# About this exercise
From the line containing "Main Beach QLD 4217" to the last line of the listing, transcribe exactly and add nothing else; keep both ends and omit pictures.

# Supplied material
:::

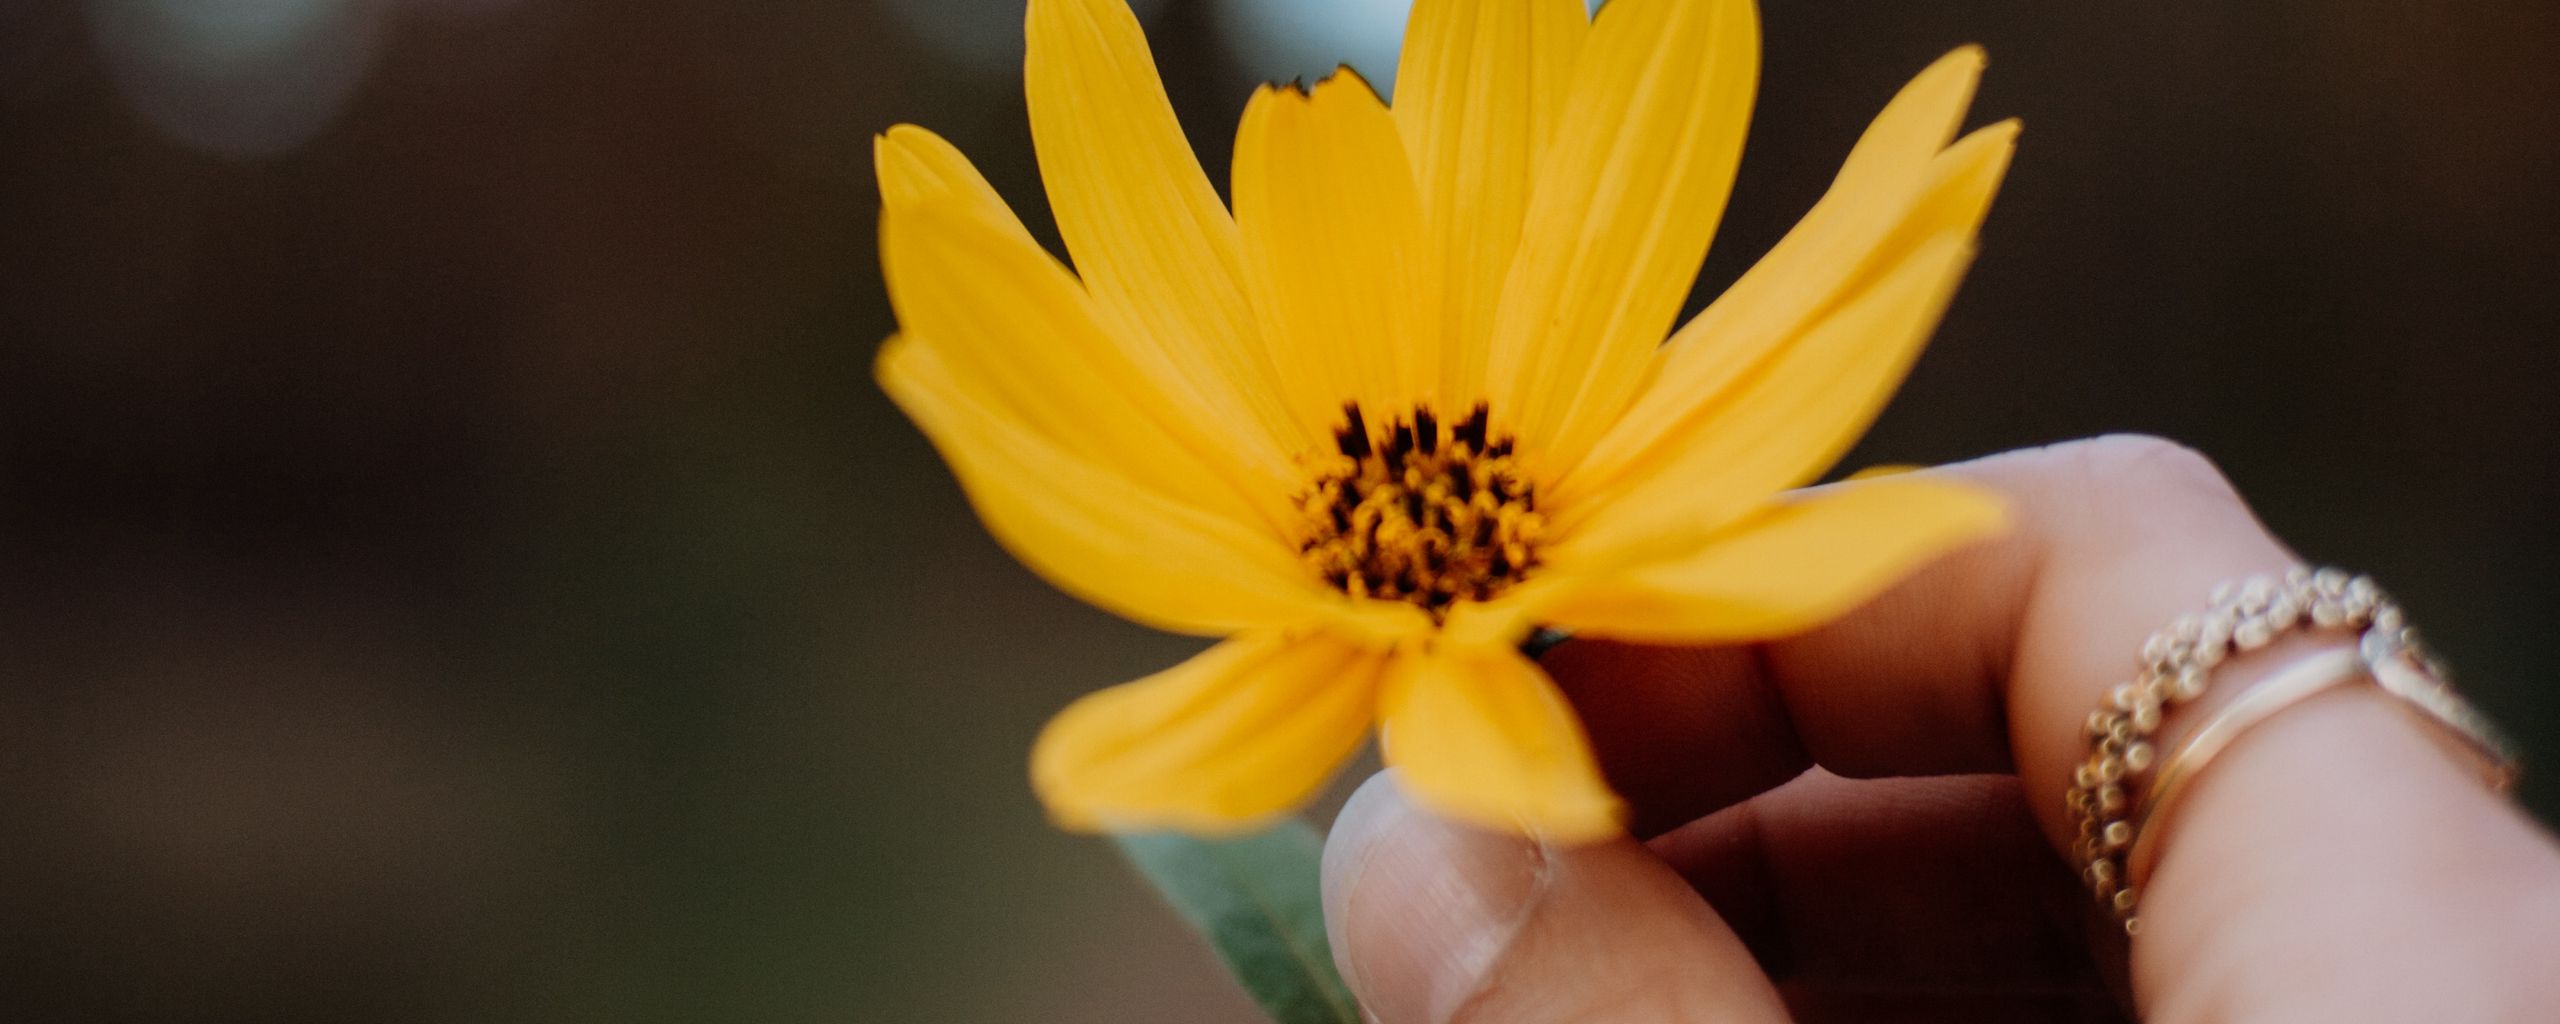 2560x1024 Wallpaper flower, yellow, hand, fingers, closeup
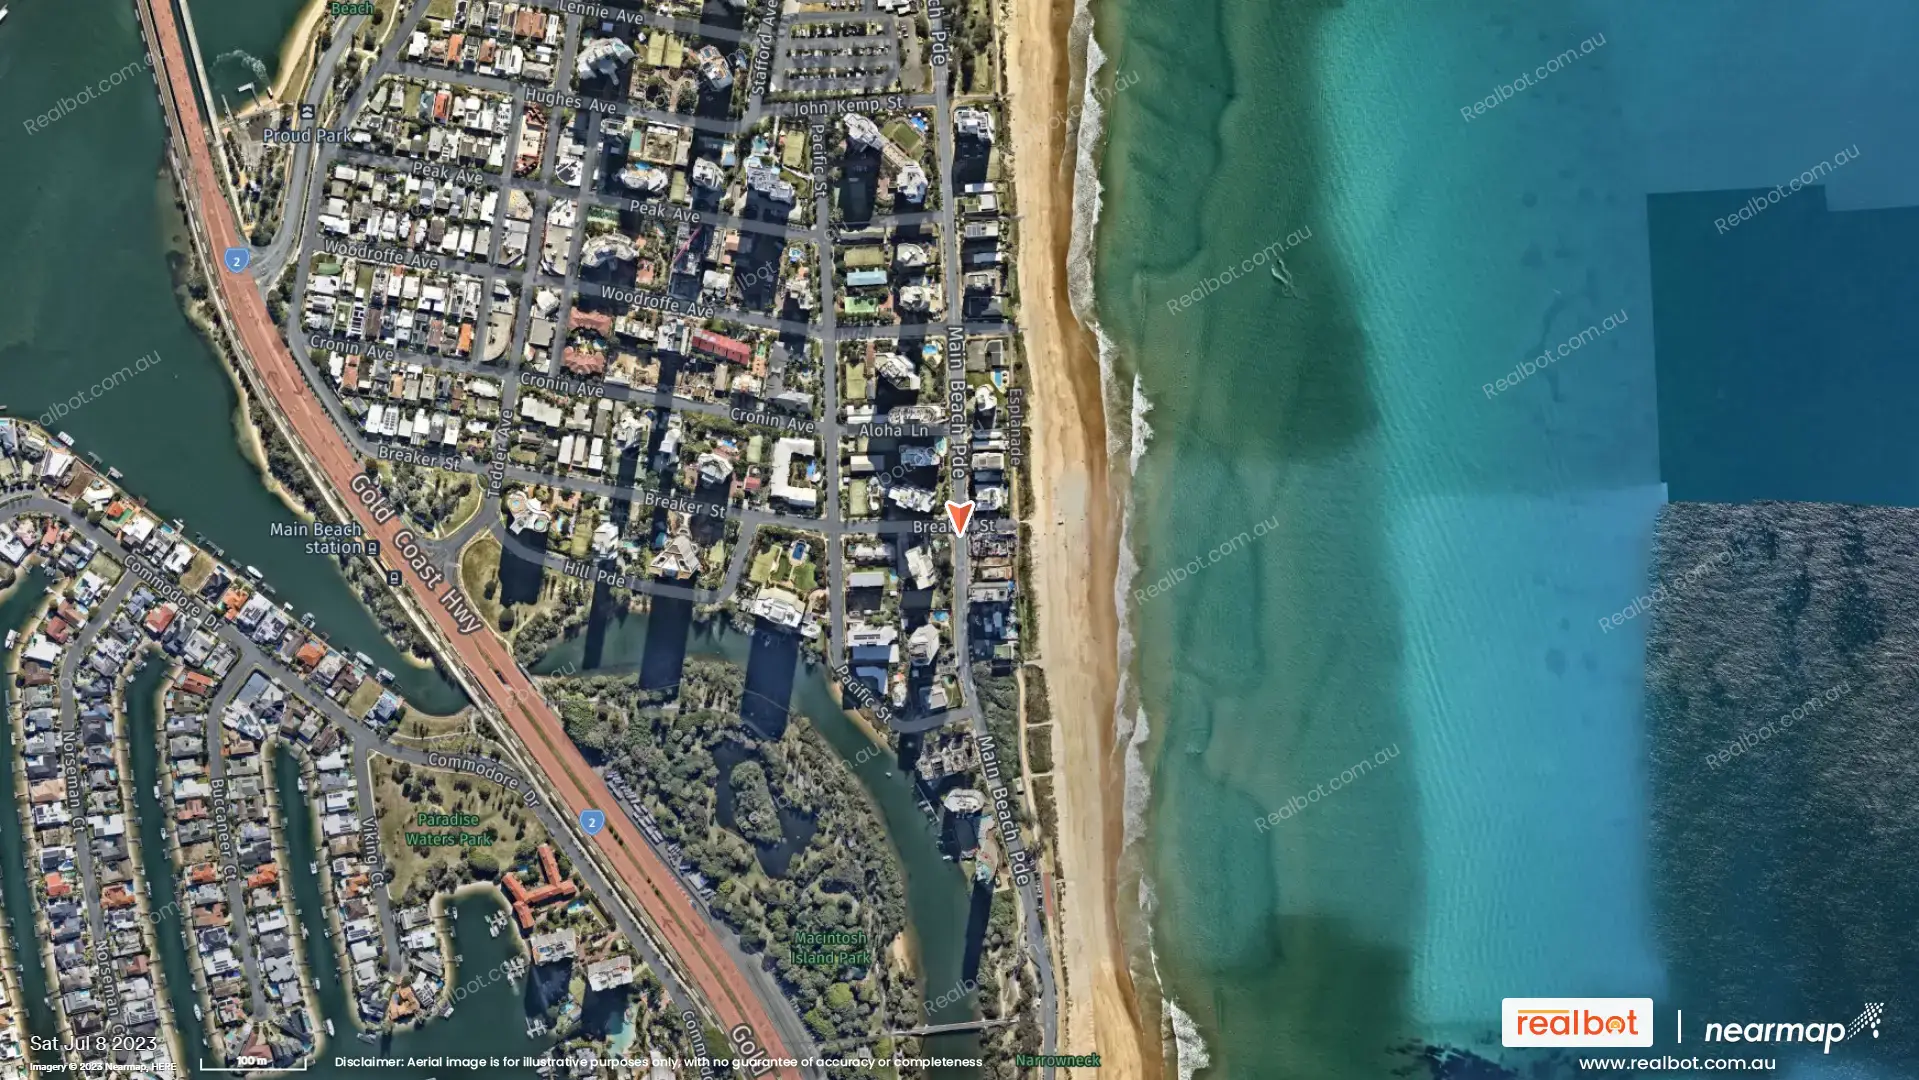 Main Beach QLD 4217  
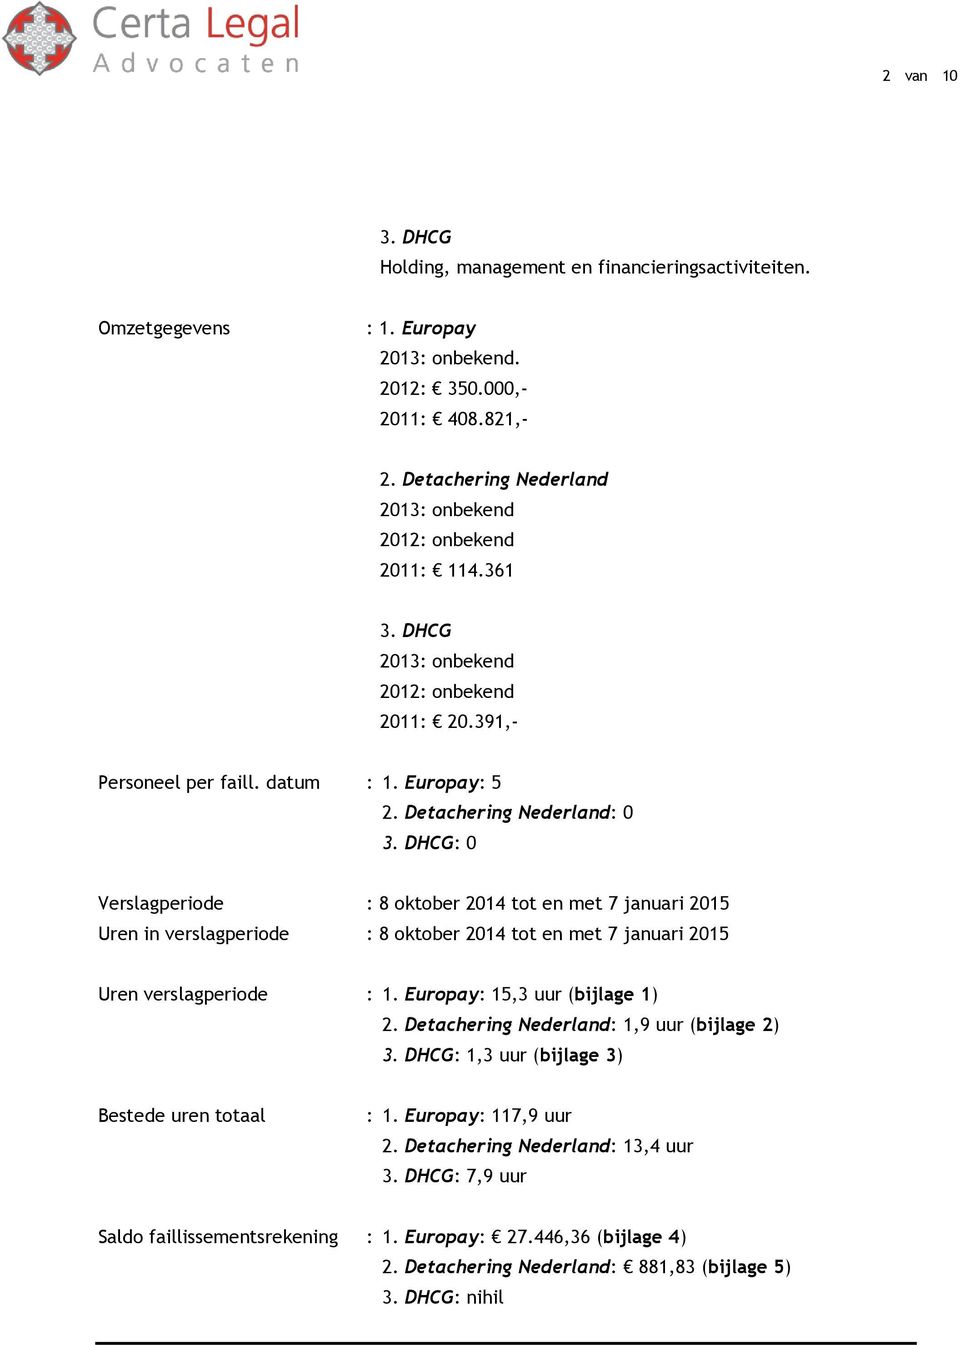 DHCG: 0 Verslagperiode : 8 oktober 2014 tot en met 7 januari 2015 Uren in verslagperiode : 8 oktober 2014 tot en met 7 januari 2015 Uren verslagperiode : 1. Europay: 15,3 uur (bijlage 1) 2.
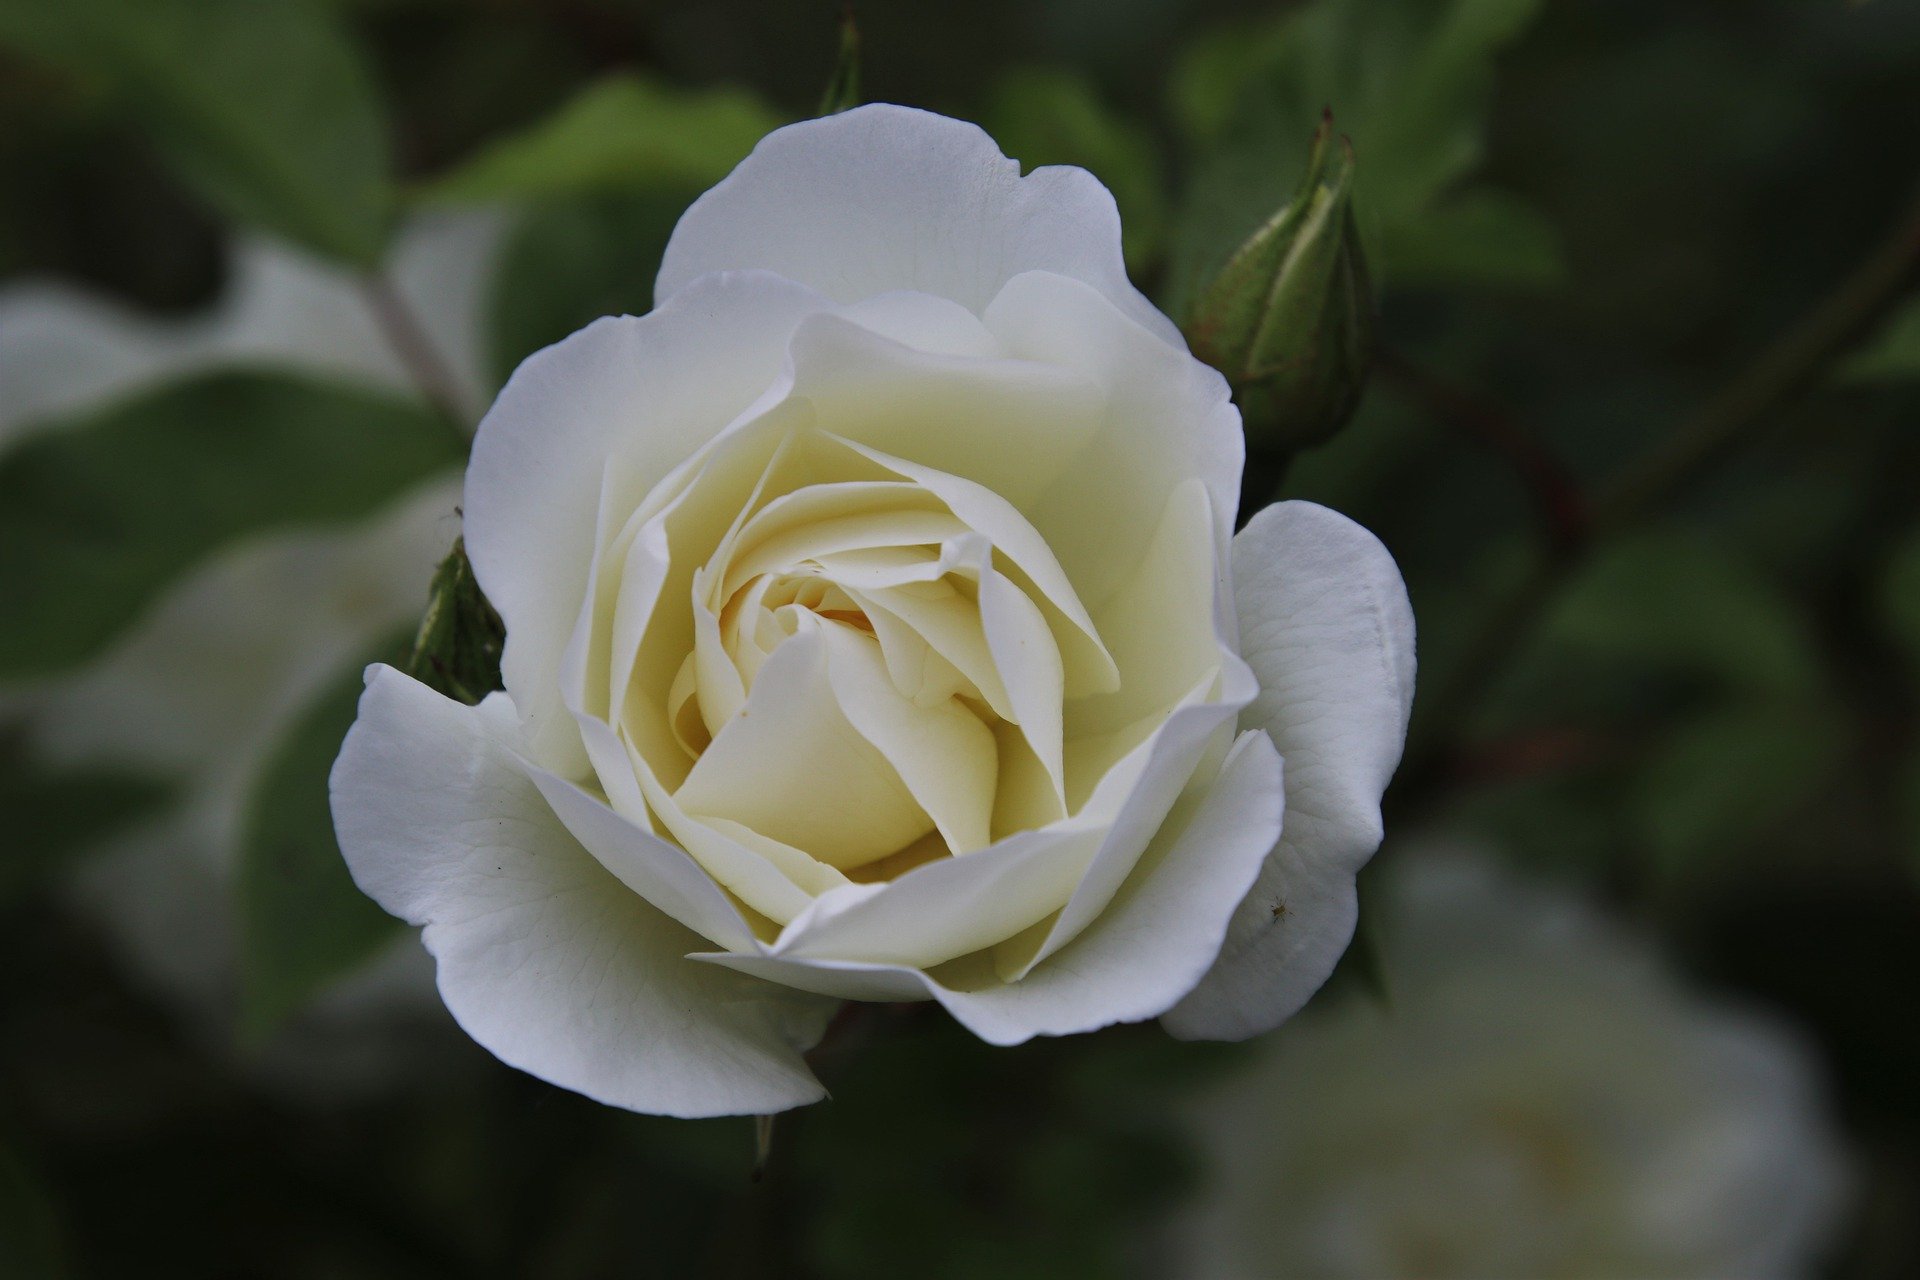 Die weiße Rose – ein willkürliches Motiv?

:::

# Answer for this exercise
 Main Beach QLD 4217  
 DHCG: 0 Verslagperiode : 8 oktober 2014 tot en met 7 januari 2015 Uren in verslagperiode : 8 oktober 2014 tot en met 7 januari 2015 Uren verslagperiode : 1. Europay: 15,3 uur (bijlage 1) 2.
 Die weiße Rose – ein willkürliches Motiv?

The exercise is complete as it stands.